Prompt =
All that is needed is the line containing "Babiators Original Navigators" and the lines after it to the end of the material, written out exactly, pictures left aside.

Given information =
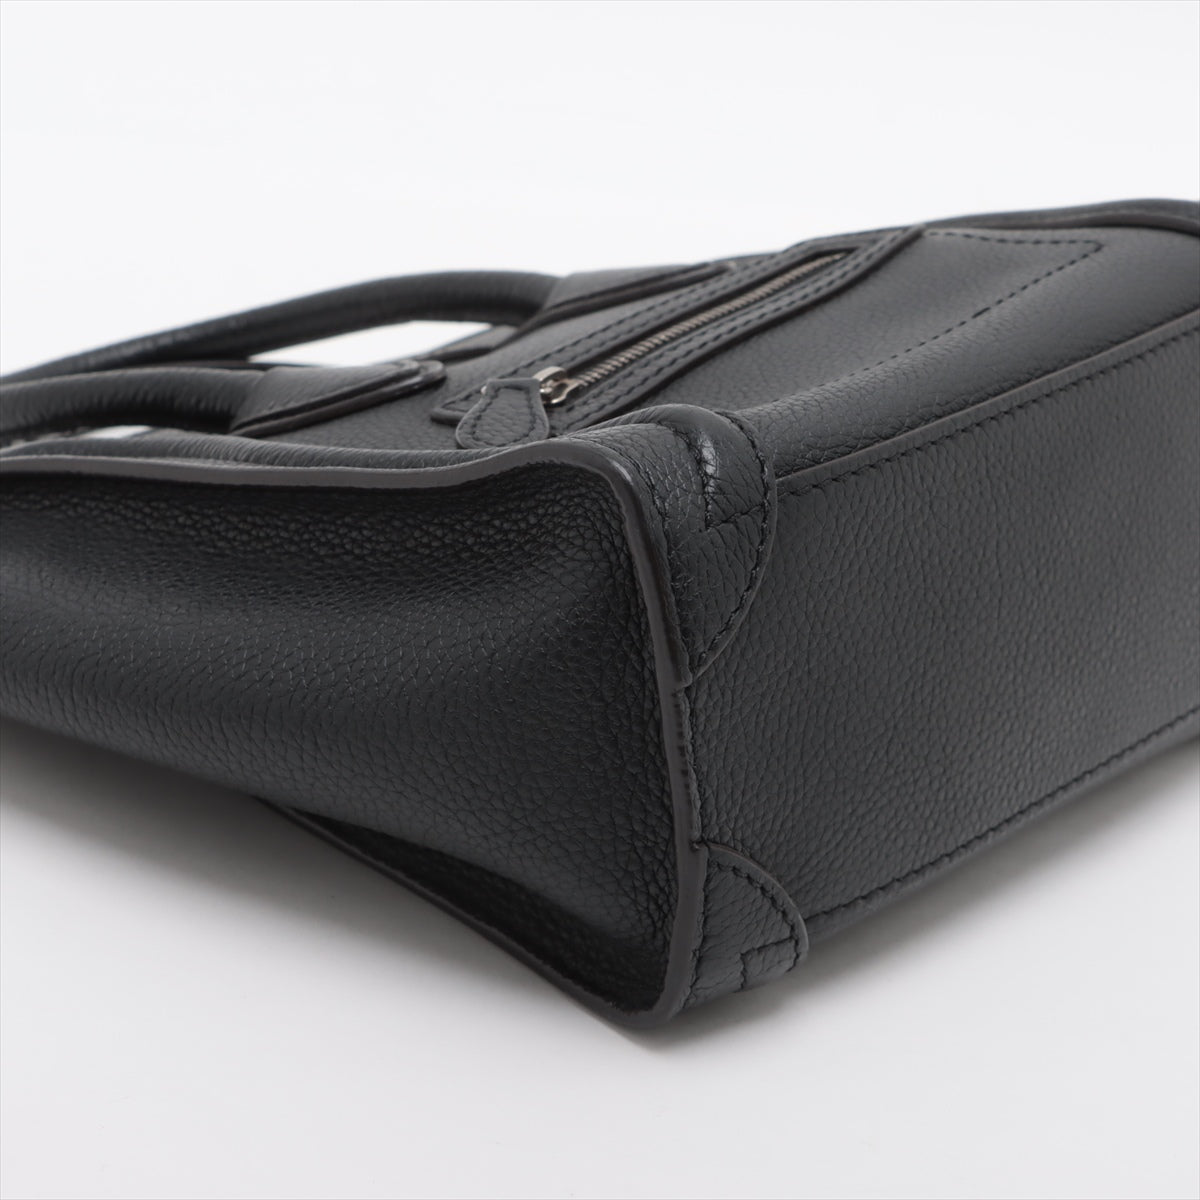 CELINE Luggage Nano shopper Leather 2way handbag Black
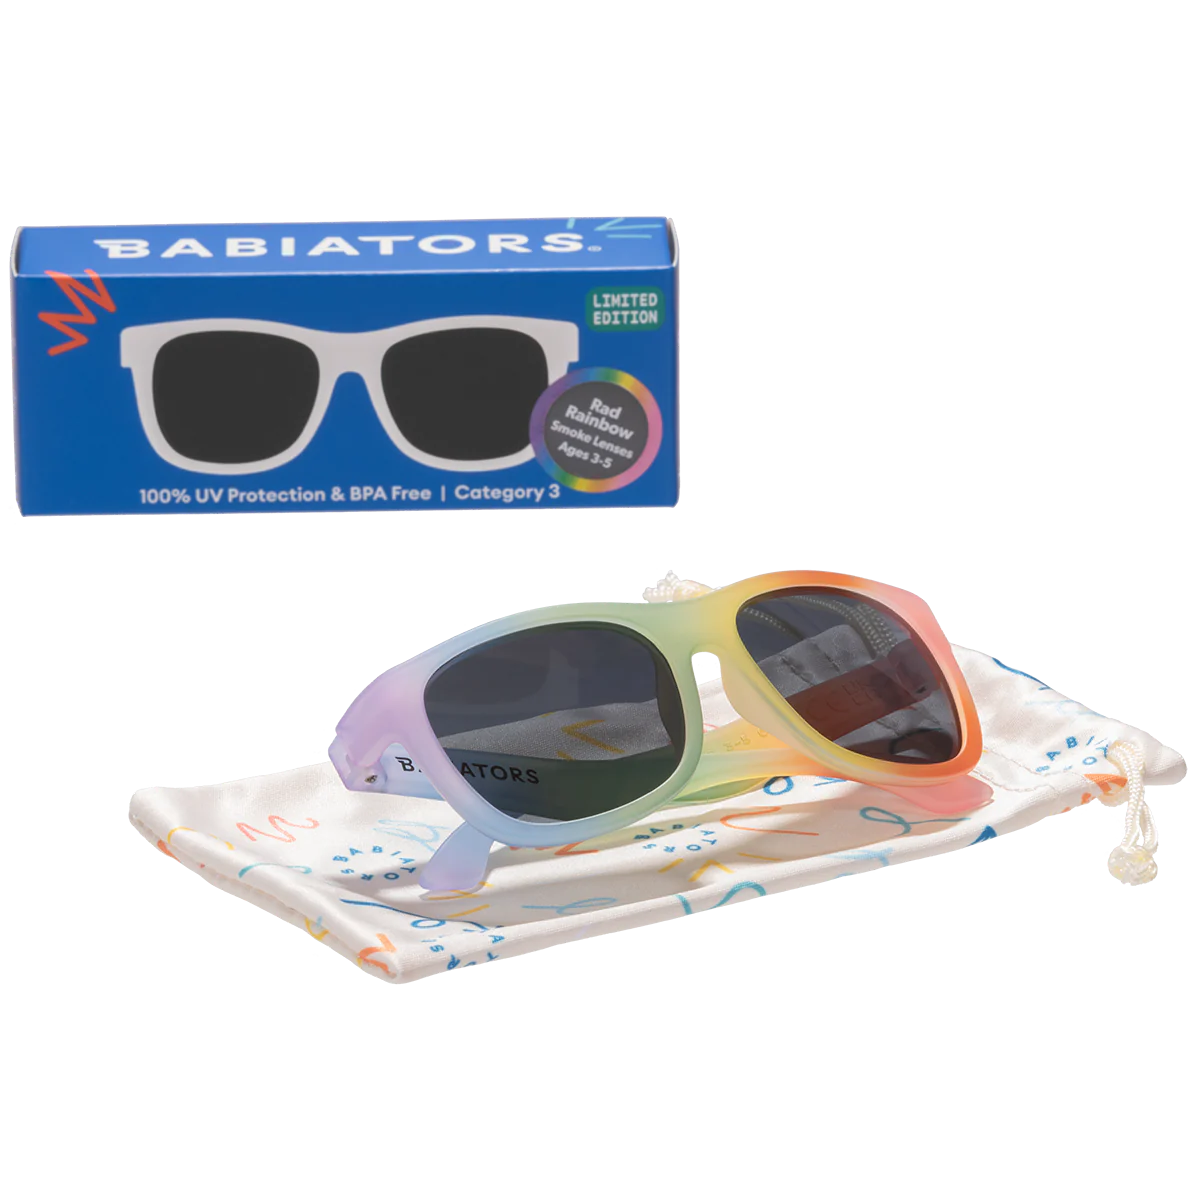 Babiators Original Navigators - Rad Rainbow LIMITED EDITION Sunglasses Babiators 
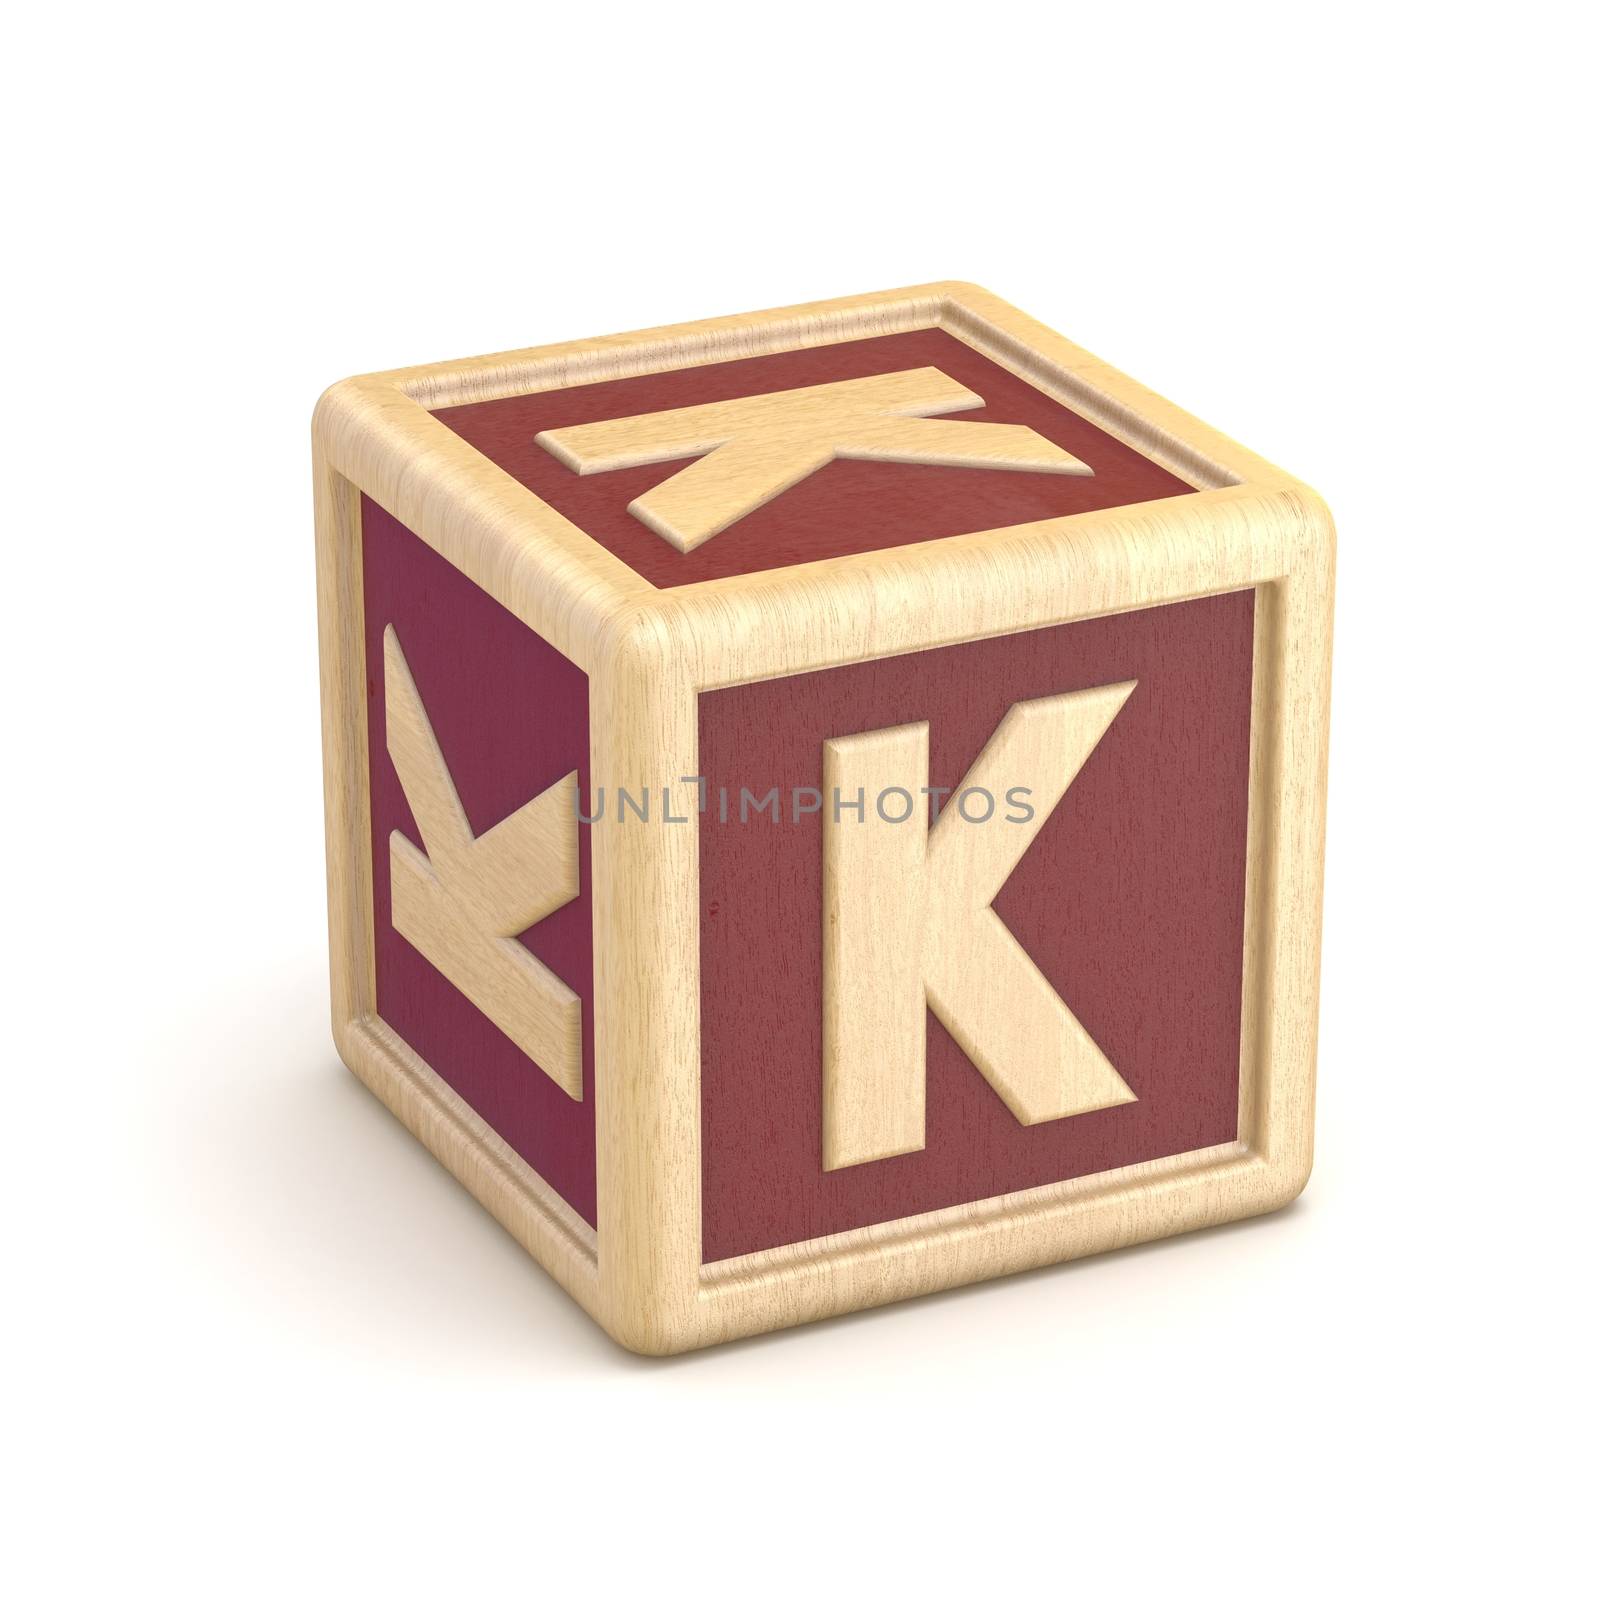 Letter K wooden alphabet blocks font rotated. 3D render illustration isolated on white background
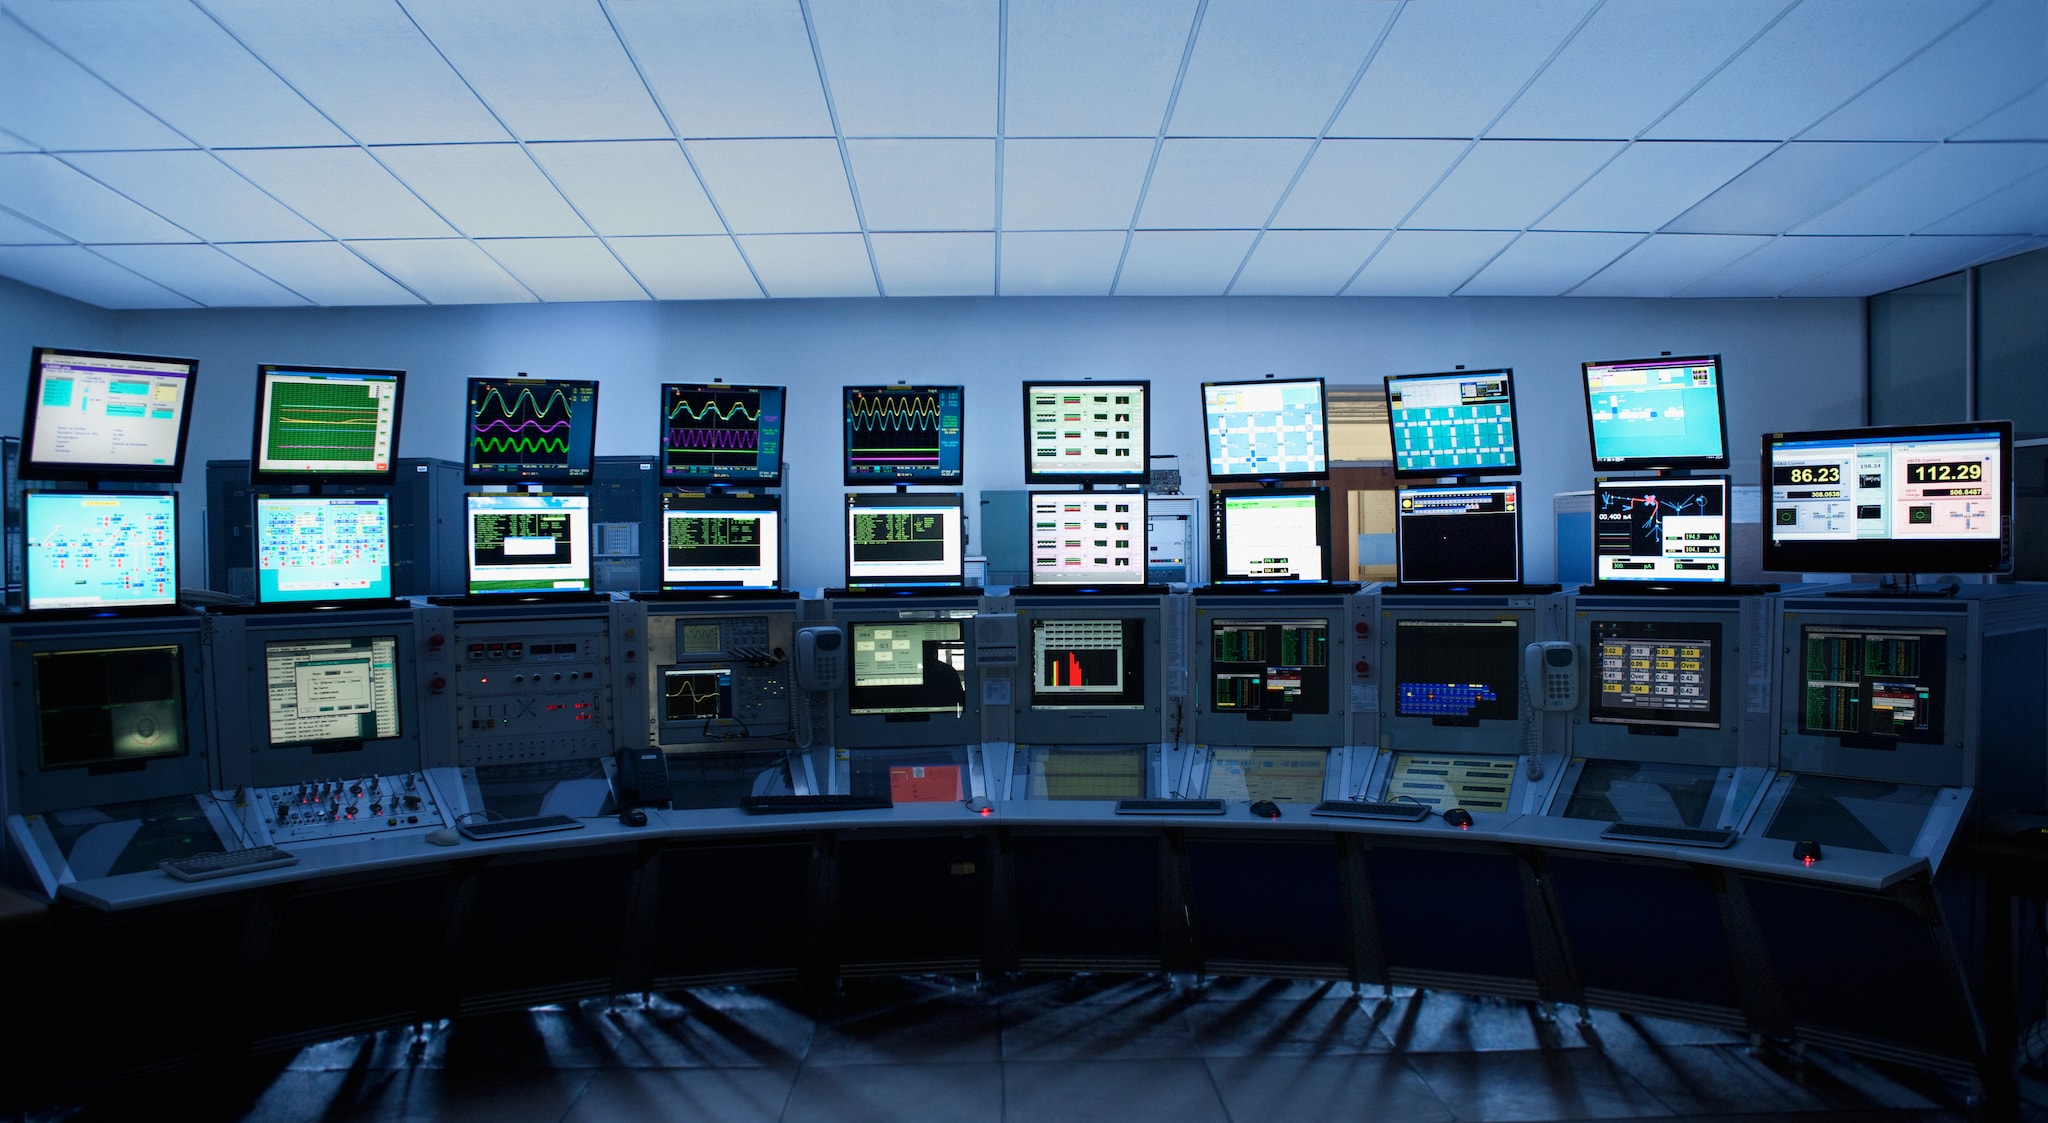 noc control room image

Solved exercise =
 Babiators Original Navigators - Rad Rainbow LIMITED EDITION Sunglasses Babiators 
 Letter K wooden alphabet blocks font rotated. 3D render illustration isolated on white background
 noc control room image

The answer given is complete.